### [INFORMATION PROVIDED]
+ + + + + + +
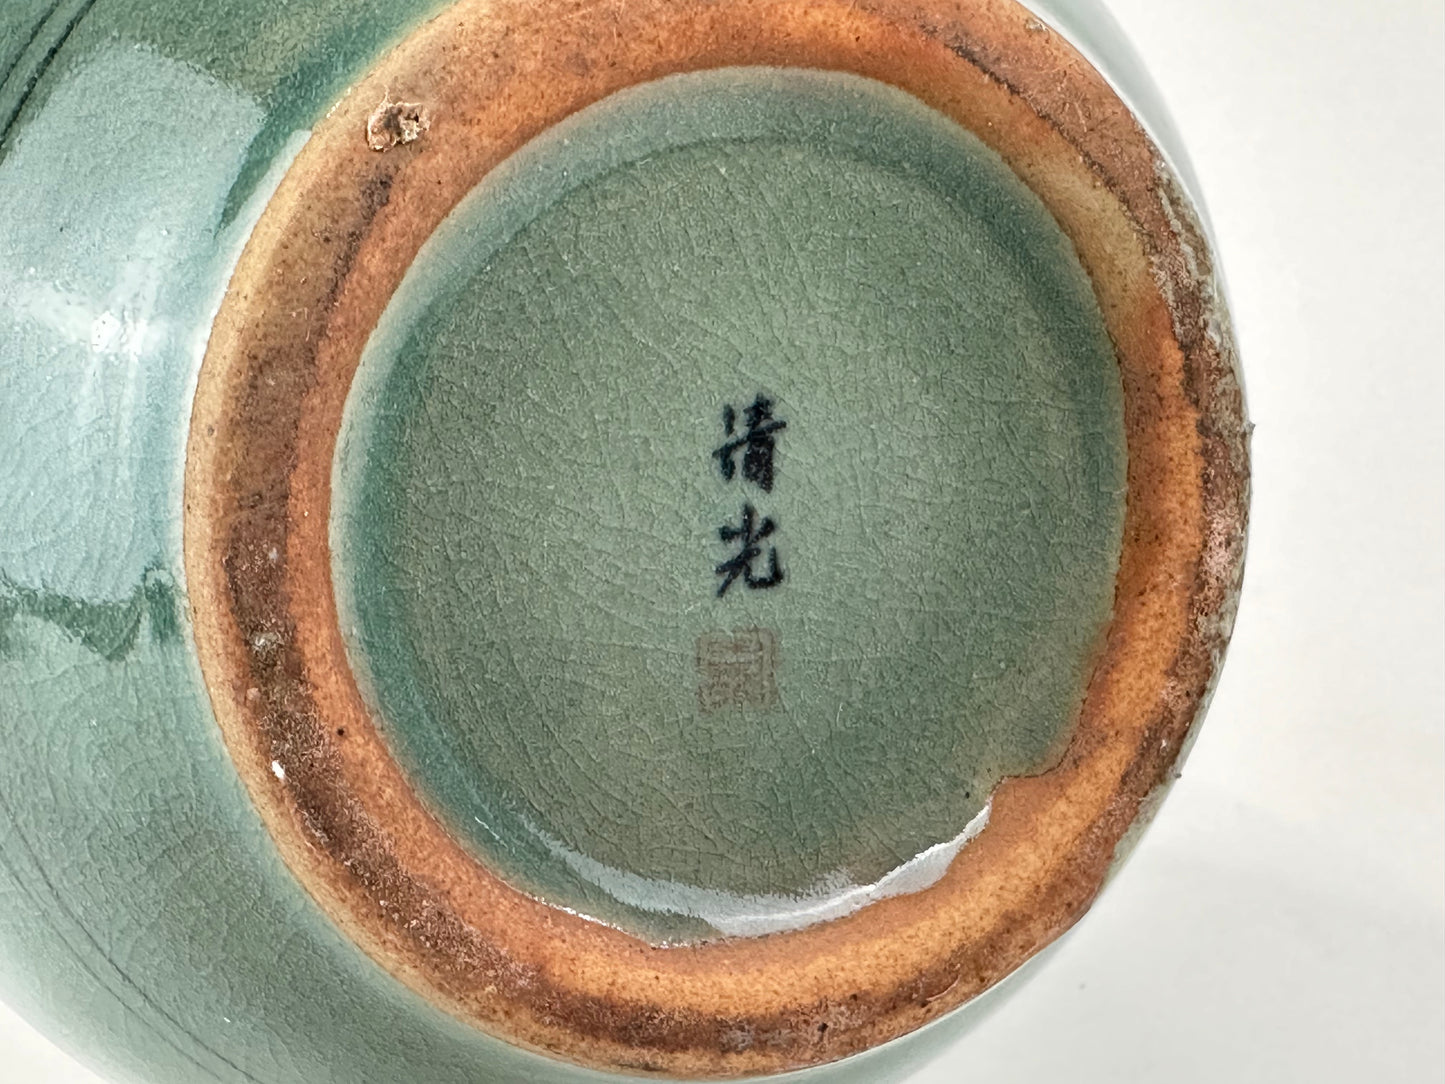 Pair of Vintage Japanese Vases Korean Goryeo Style Celadon Cranes 11" 清光
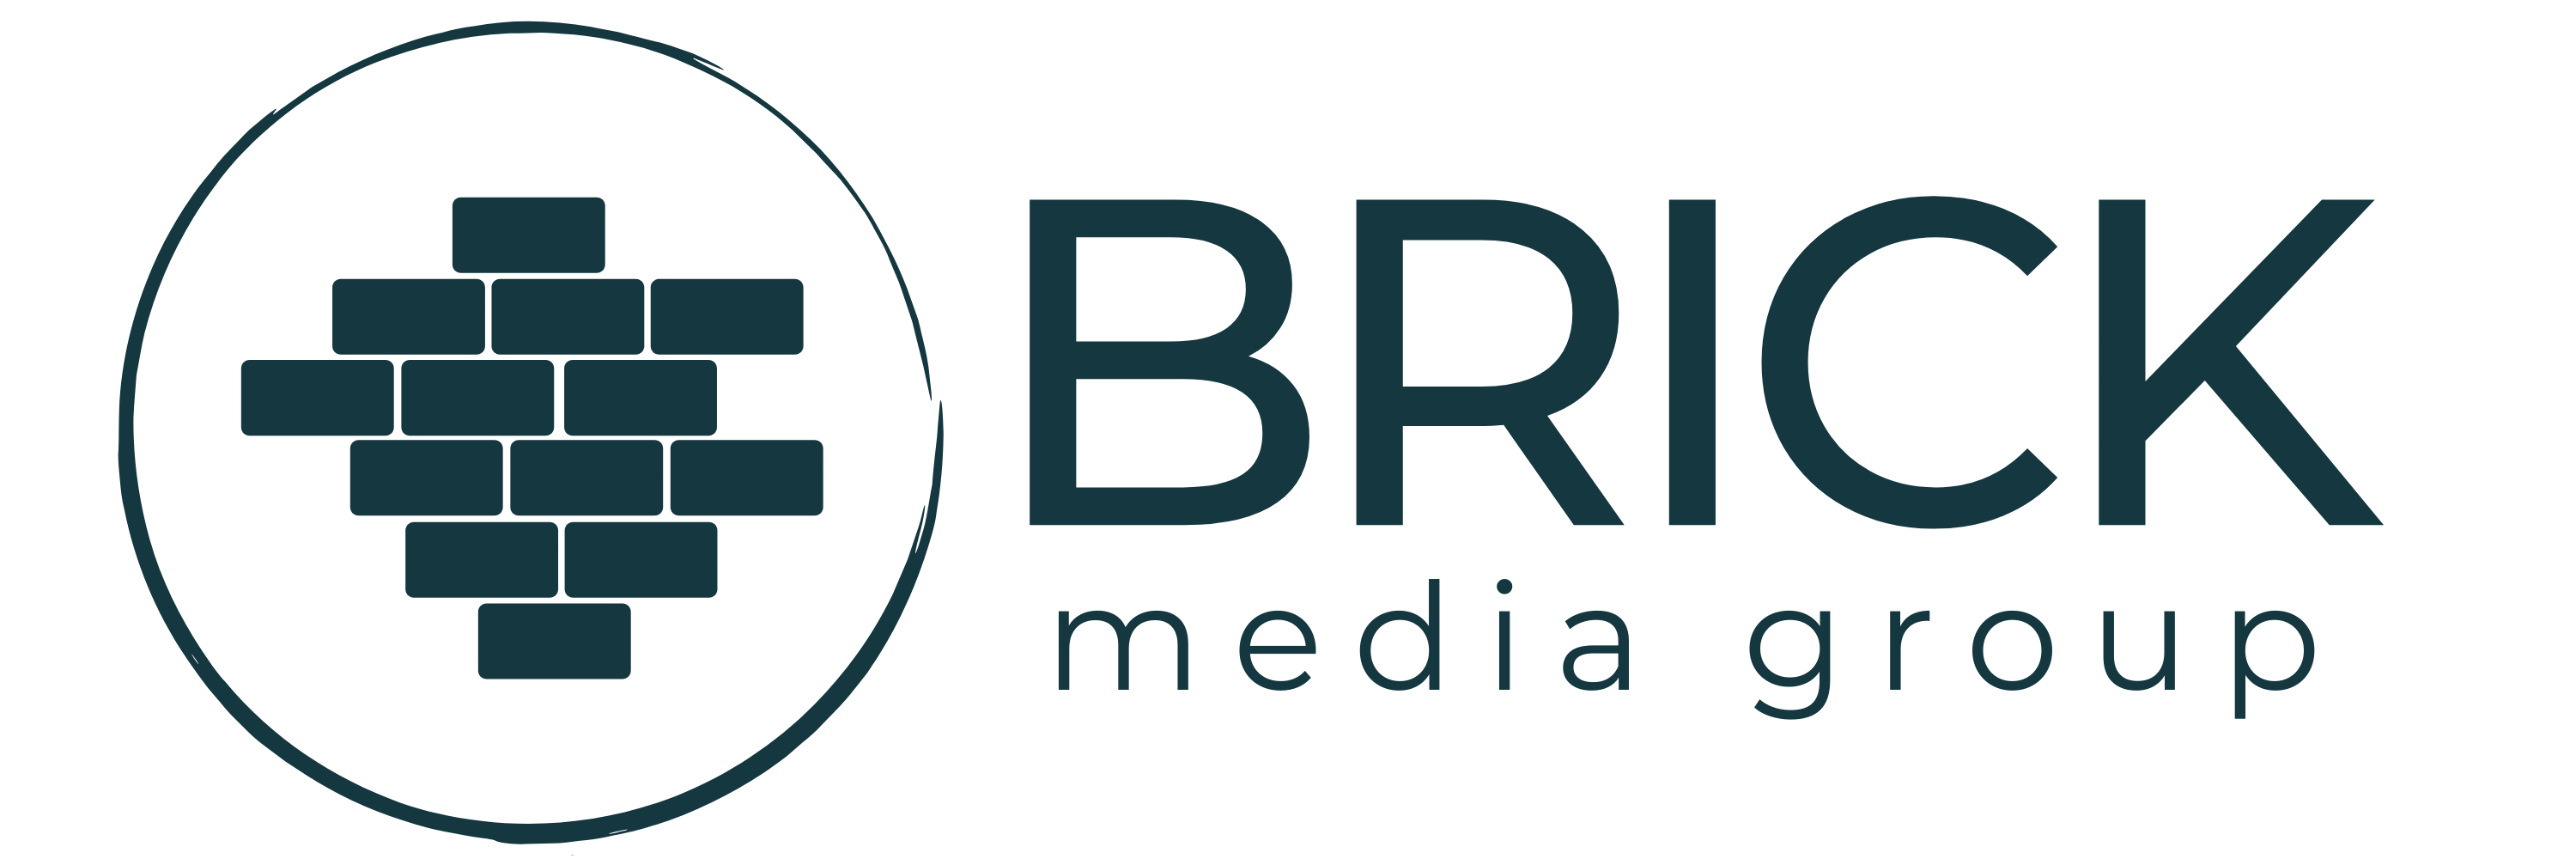 Brick Media Group
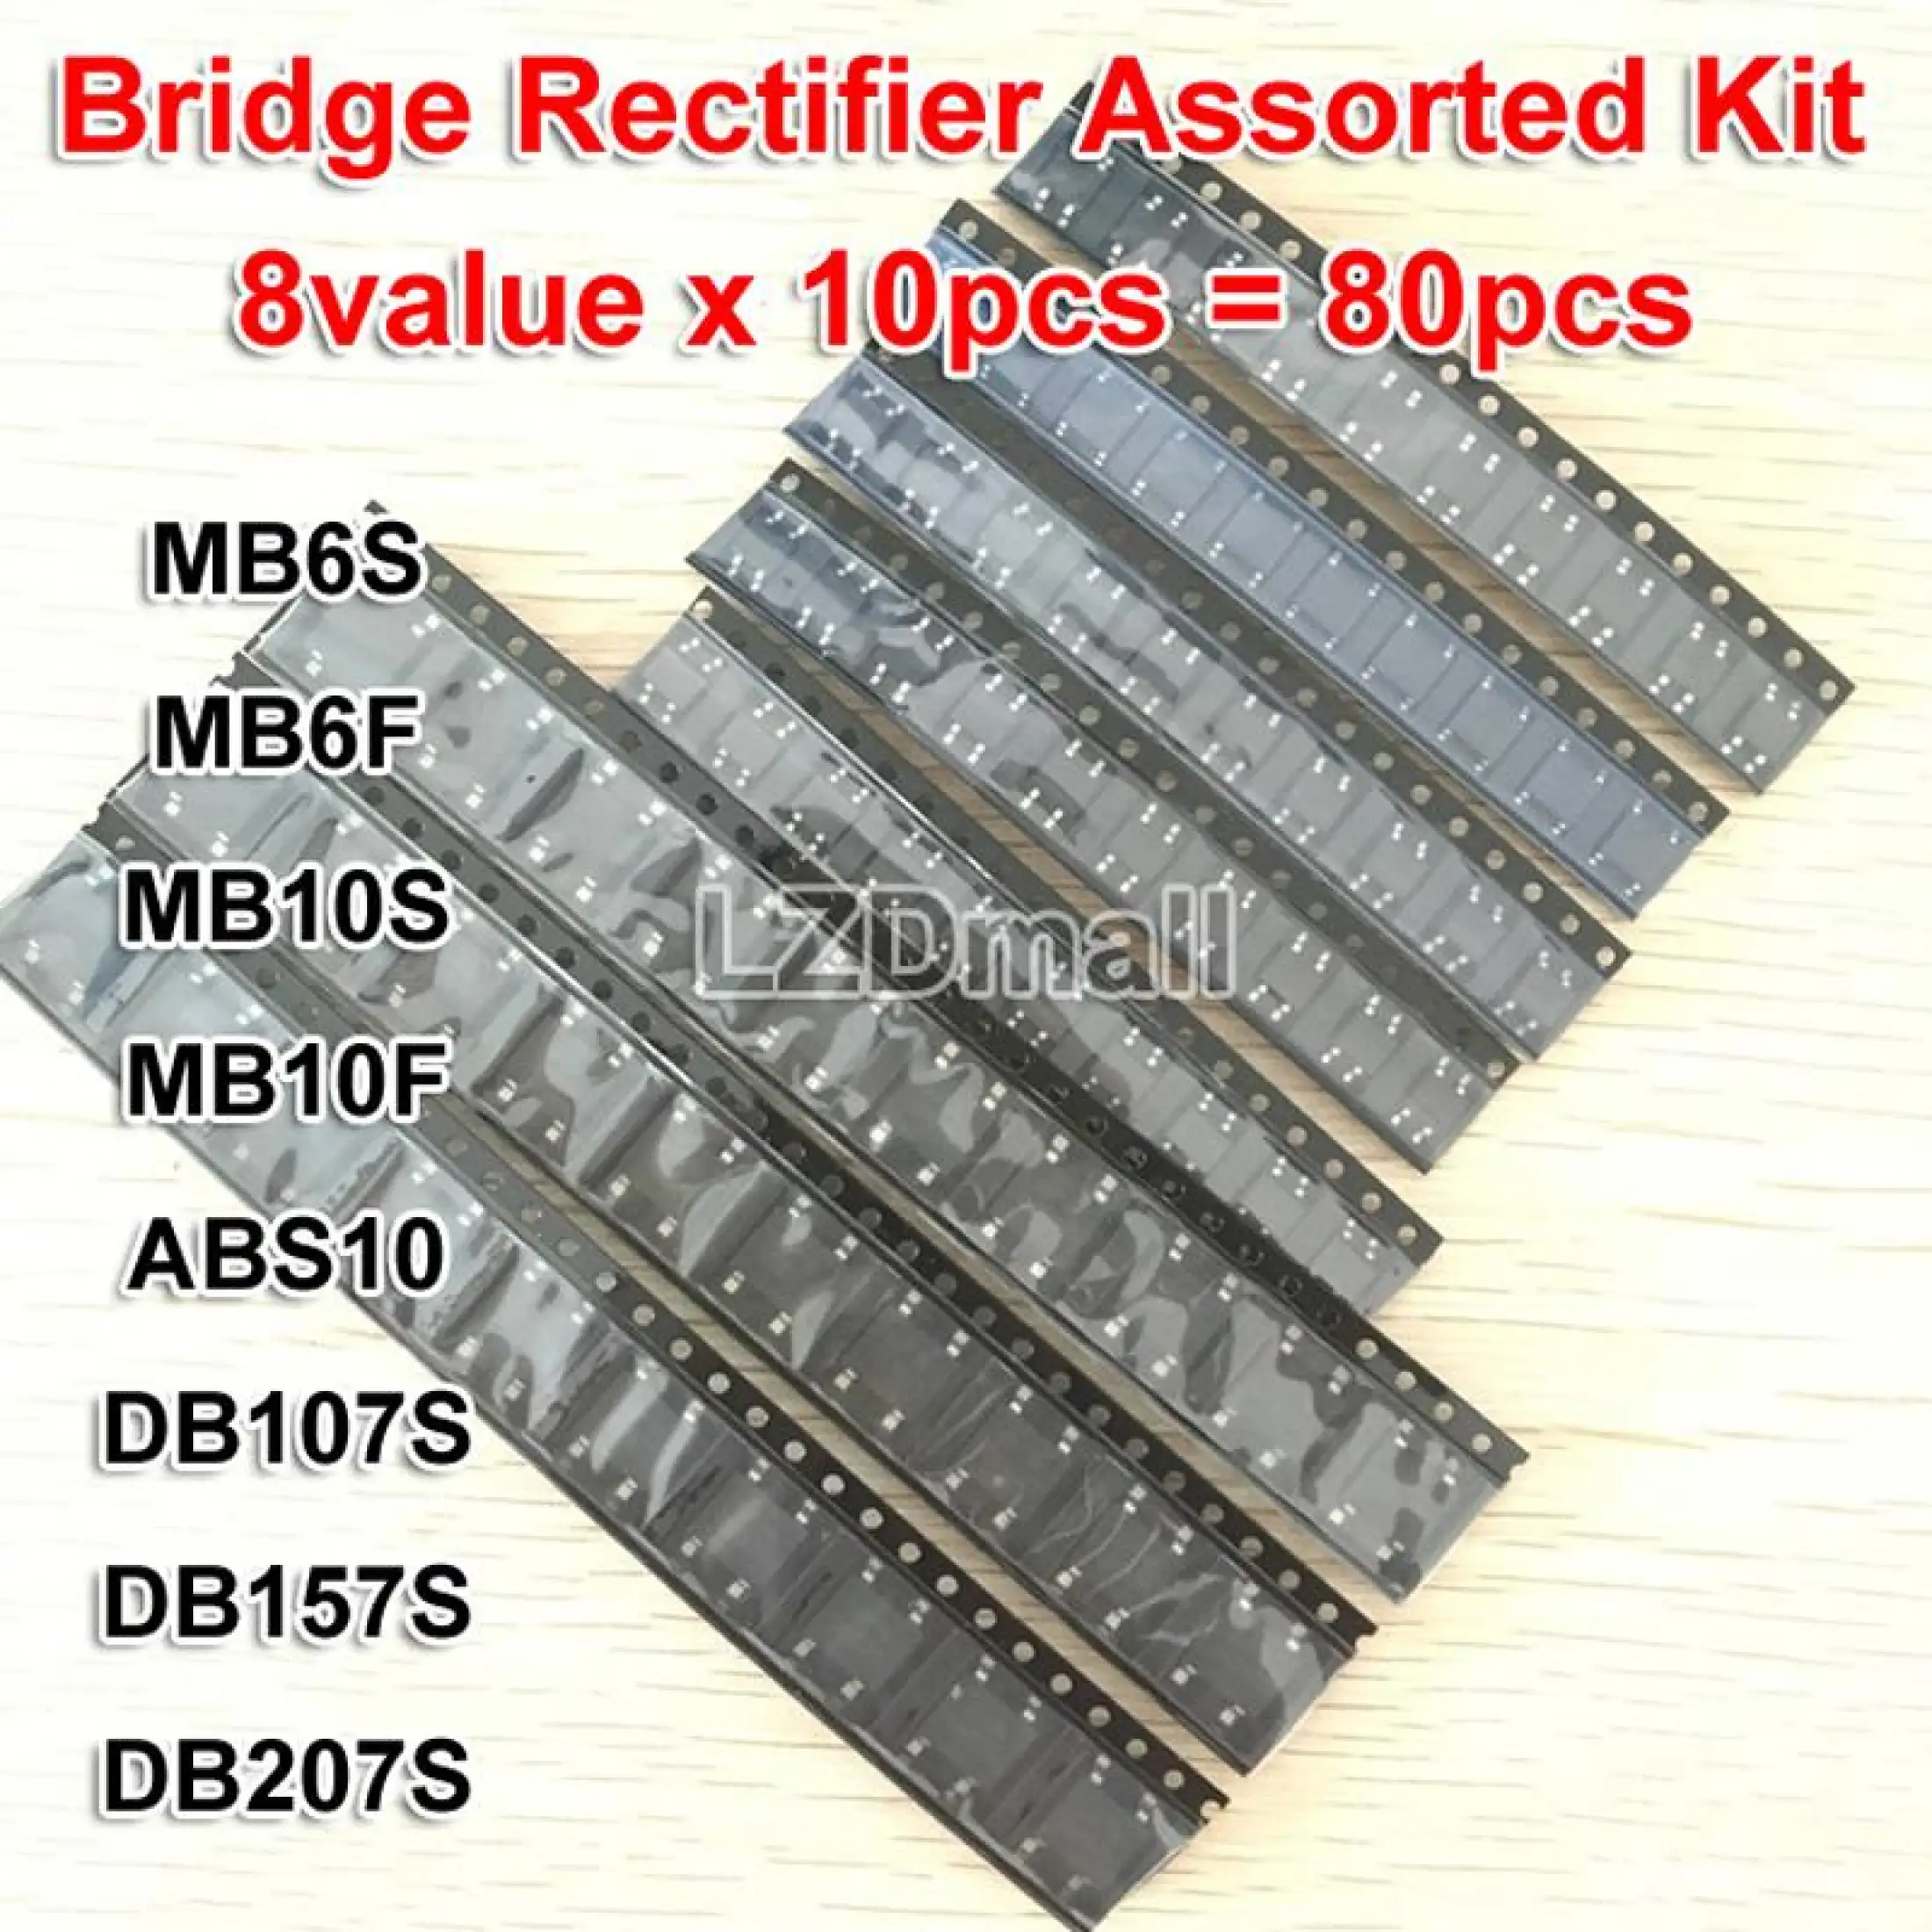 8value*10pcs=80pcs Bridge Rectifier Assorted Kit contains MB6S MB6F MB10S MB10F
+ + + + + + +
Your answer must be the full listing, reproduced word for word, without its pictures.

 Pair of Vintage Japanese Vases Korean Goryeo Style Celadon Cranes 11" 清光
 Brick Media Group
 8value*10pcs=80pcs Bridge Rectifier Assorted Kit contains MB6S MB6F MB10S MB10F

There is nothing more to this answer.